После снисходительного удивления, неузнавания и похвал со стороны не наряженных, молодые люди нашли, что костюмы так хороши, что надо было их показать еще кому нибудь.
Николай, которому хотелось по отличной дороге прокатить всех на своей тройке, предложил, взяв с собой из дворовых человек десять наряженных, ехать к дядюшке.
– Нет, ну что вы его, старика, расстроите! – сказала графиня, – да и негде повернуться у него. Уж ехать, так к Мелюковым.
Мелюкова была вдова с детьми разнообразного возраста, также с гувернантками и гувернерами, жившая в четырех верстах от Ростовых.
– Вот, ma chere, умно, – подхватил расшевелившийся старый граф. – Давай сейчас наряжусь и поеду с вами. Уж я Пашету расшевелю.
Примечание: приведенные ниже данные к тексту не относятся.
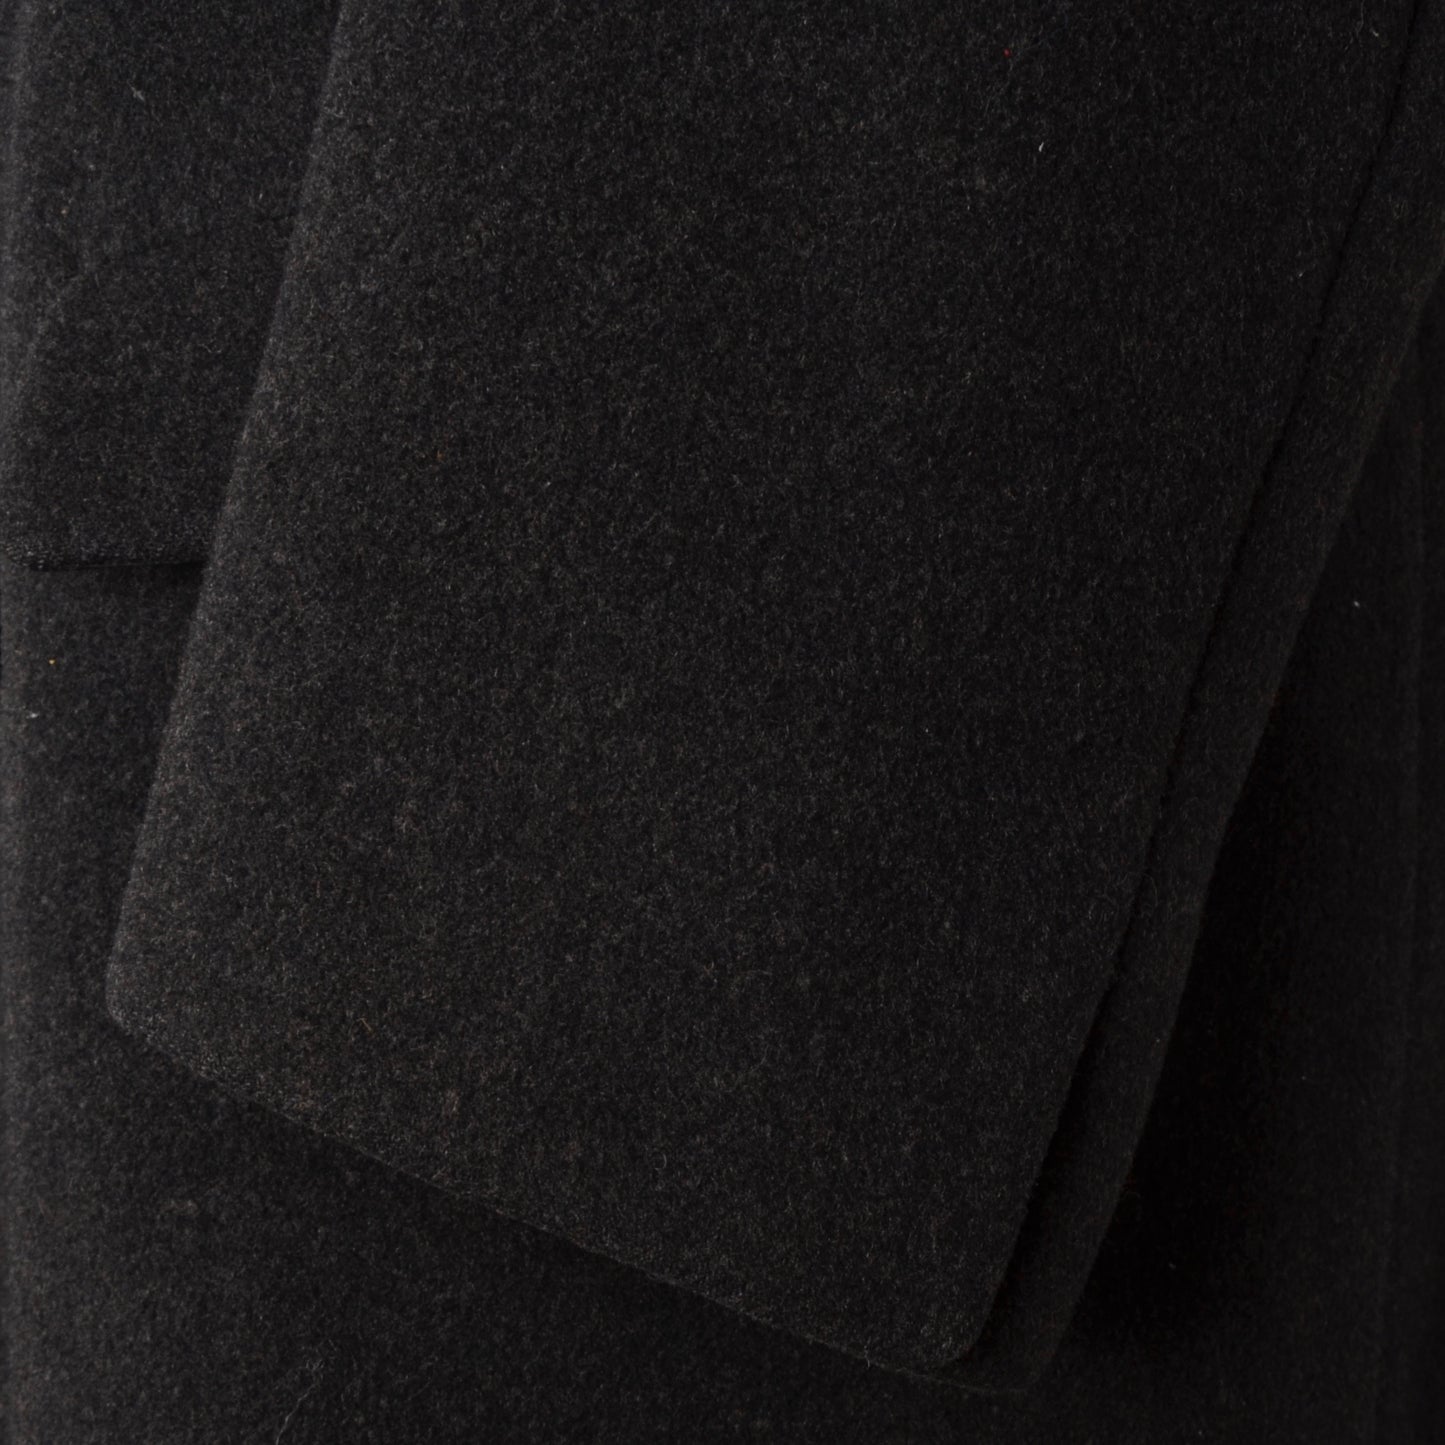 1940 Bespoke Double-Breasted Overcoat Astrakahn Collar - Charcoal

Но графиня не согласилась отпустить графа: у него все эти дни болела нога. Решили, что Илье Андреевичу ехать нельзя, а что ежели Луиза Ивановна (m me Schoss) поедет, то барышням можно ехать к Мелюковой. Соня, всегда робкая и застенчивая, настоятельнее всех стала упрашивать Луизу Ивановну не отказать им.
Наряд Сони был лучше всех. Ее усы и брови необыкновенно шли к ней. Все говорили ей, что она очень хороша, и она находилась в несвойственном ей оживленно энергическом настроении. Какой то внутренний голос говорил ей, что нынче или никогда решится ее судьба, и она в своем мужском платье казалась совсем другим человеком. Луиза Ивановна согласилась, и через полчаса четыре тройки с колокольчиками и бубенчиками, визжа и свистя подрезами по морозному снегу, подъехали к крыльцу.
Наташа первая дала тон святочного веселья, и это веселье, отражаясь от одного к другому, всё более и более усиливалось и дошло до высшей степени в то время, когда все вышли на мороз, и переговариваясь, перекликаясь, смеясь и крича, расселись в сани.
Две тройки были разгонные, третья тройка старого графа с орловским рысаком в корню; четвертая собственная Николая с его низеньким, вороным, косматым коренником. Николай в своем старушечьем наряде, на который он надел гусарский, подпоясанный плащ, стоял в середине своих саней, подобрав вожжи.
Было так светло, что он видел отблескивающие на месячном свете бляхи и глаза лошадей, испуганно оглядывавшихся на седоков, шумевших под темным навесом подъезда.
В сани Николая сели Наташа, Соня, m me Schoss и две девушки. В сани старого графа сели Диммлер с женой и Петя; в остальные расселись наряженные дворовые.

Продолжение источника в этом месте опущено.